O coaching, uma tradição nas grandes corporações dos Estados Unidos (país que
tem 275 milhões de técnicos de basquete), chegou ao Brasil no fim da década de
80. É voltado para líderes, de gerentes a presidentes. Geralmente orientado por
consultores, o programa inclui um raio X do executivo, submetendo-o a um
feedback compulsório. Todos os envolvidos - subordinados, superiores, em alguns
casos até clientes - avaliam os aspectos positivos e negativos do estilo
gerencial do executivo em questão. Os subordinados, por exemplo, respondem por
escrito (importante: sem se identificar) a perguntas do tipo "Meu chefe
considera minhas habilidades quando me passa tarefas?" ou "Ele ajuda a obter os
recursos necessários para o meu trabalho?". Na maior parte das vezes, uma boa
série de falhas já surge nessa etapa. "Com essas respostas, mais uma análise da
formação e das habilidades do executivo, mostramos o que precisa ser melhorado e
como fazer isso", diz a headhunter Vicky Bloch, da DBM, empresa que há dez anos
realiza programas de coaching no Brasil.
O vice-presidente de operações da Alcan, João Bosco da Silva, submeteu-se a um
dos primeiros programas de coaching feitos no Brasil, há dez anos, quando a
empresa fez uma profunda reestruturação em seus quadros. Bosco, na época diretor
de recursos humanos, decidiu participar do processo antes dos outros executivos.

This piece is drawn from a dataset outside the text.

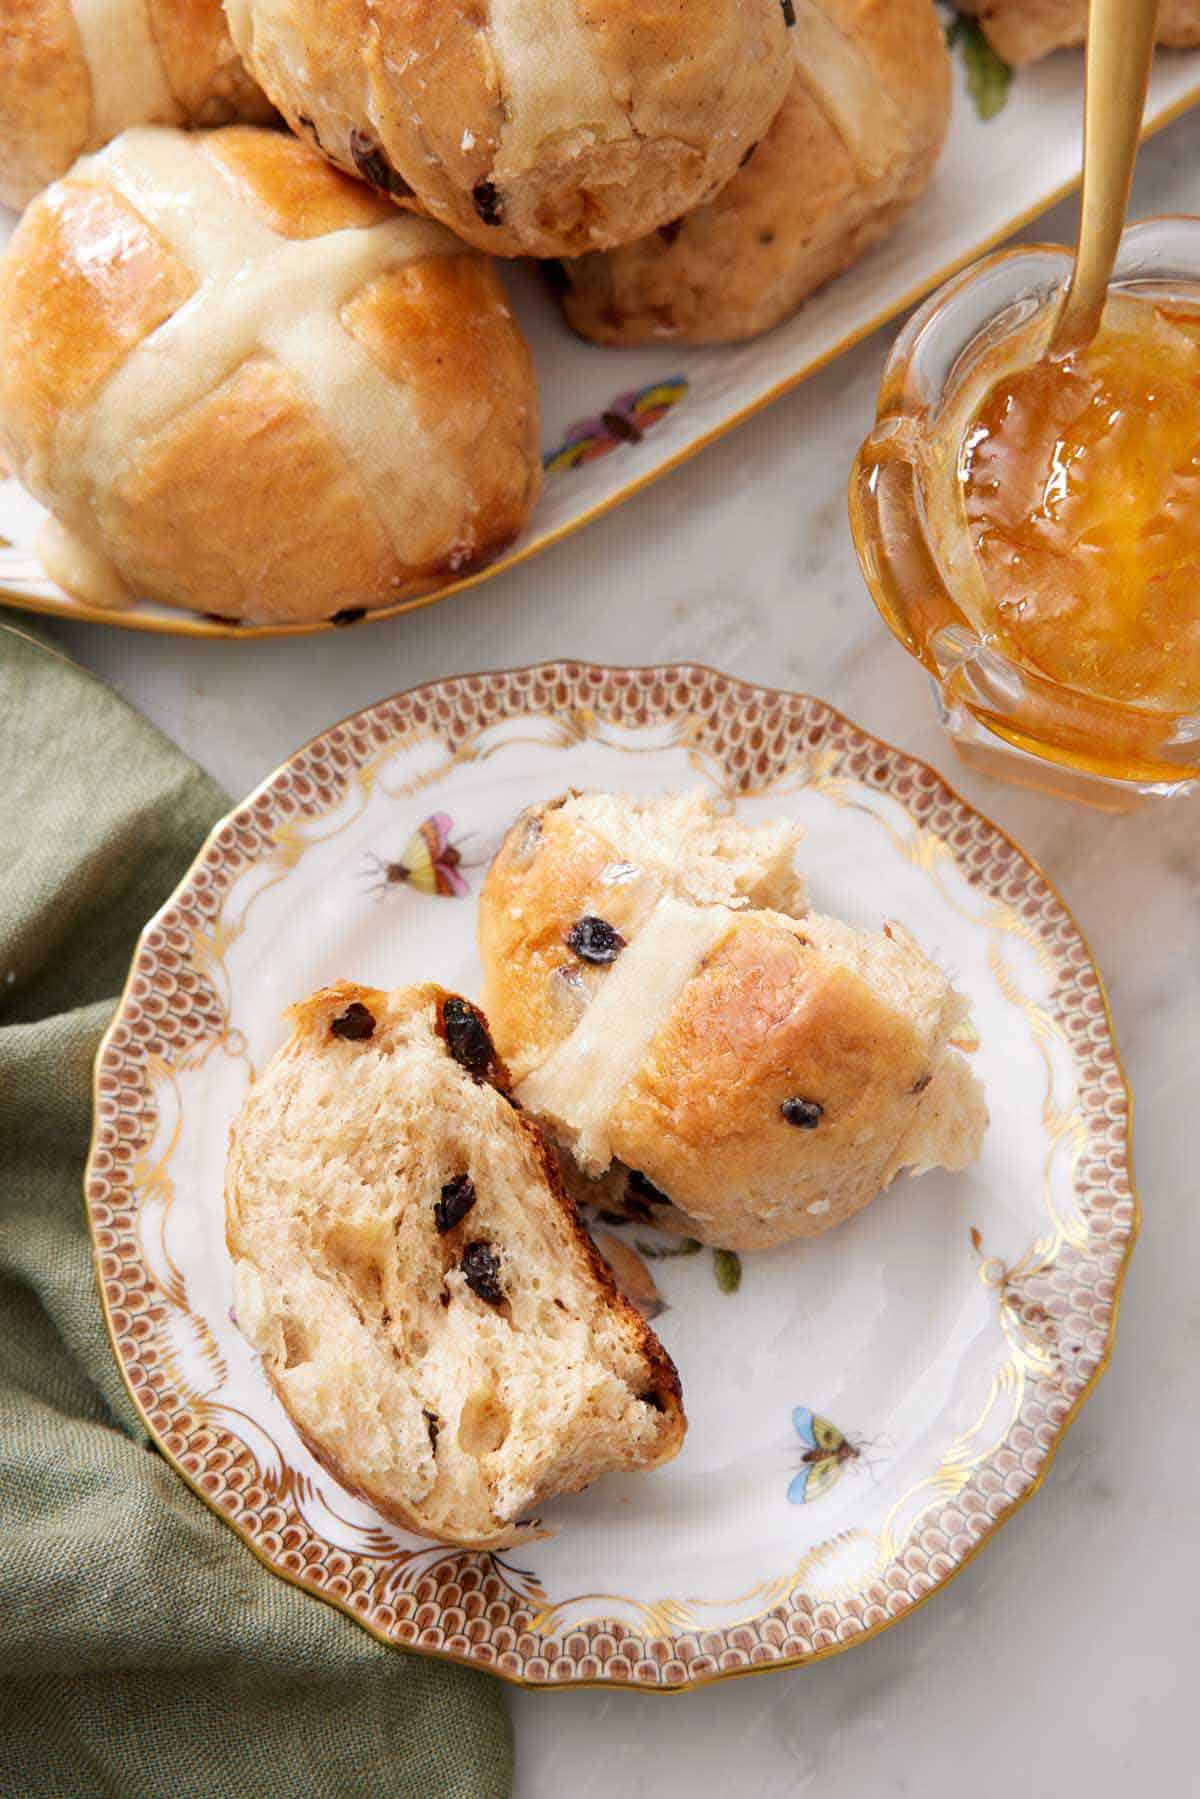 A plate with a hot cross bun torn in half. A platter of more buns and some jam off to the back.

A idéia, em resumo, era ser uma espécie de cobaia para ver se funcionava mesmo.
O programa foi executado pela Gutemberg Consultores. Bosco foi testado, aprovou
os métodos e ficou esperando para ver como os outros executivos se sairiam. O
resultado foi surpreendente. "Alguns de nossos profissionais levaram um choque
ao descobrir o quanto estavam desatualizados em relação ao mundo dos negócios e
à forma de liderar suas equipes", diz Bosco.
Em algumas empresas o programa impressionou tanto que foi levado para dentro da
companhia. A Arthur Andersen, por exemplo, criou seu próprio departamento de
coaching, sob a responsabilidade de Howard Johnson, gerente de treinamento da
empresa. Para a Arthur Andersen, o coaching tornou-se um diferencial
competitivo, além de uma fórmula preciosa para motivar e desenvolver pessoas.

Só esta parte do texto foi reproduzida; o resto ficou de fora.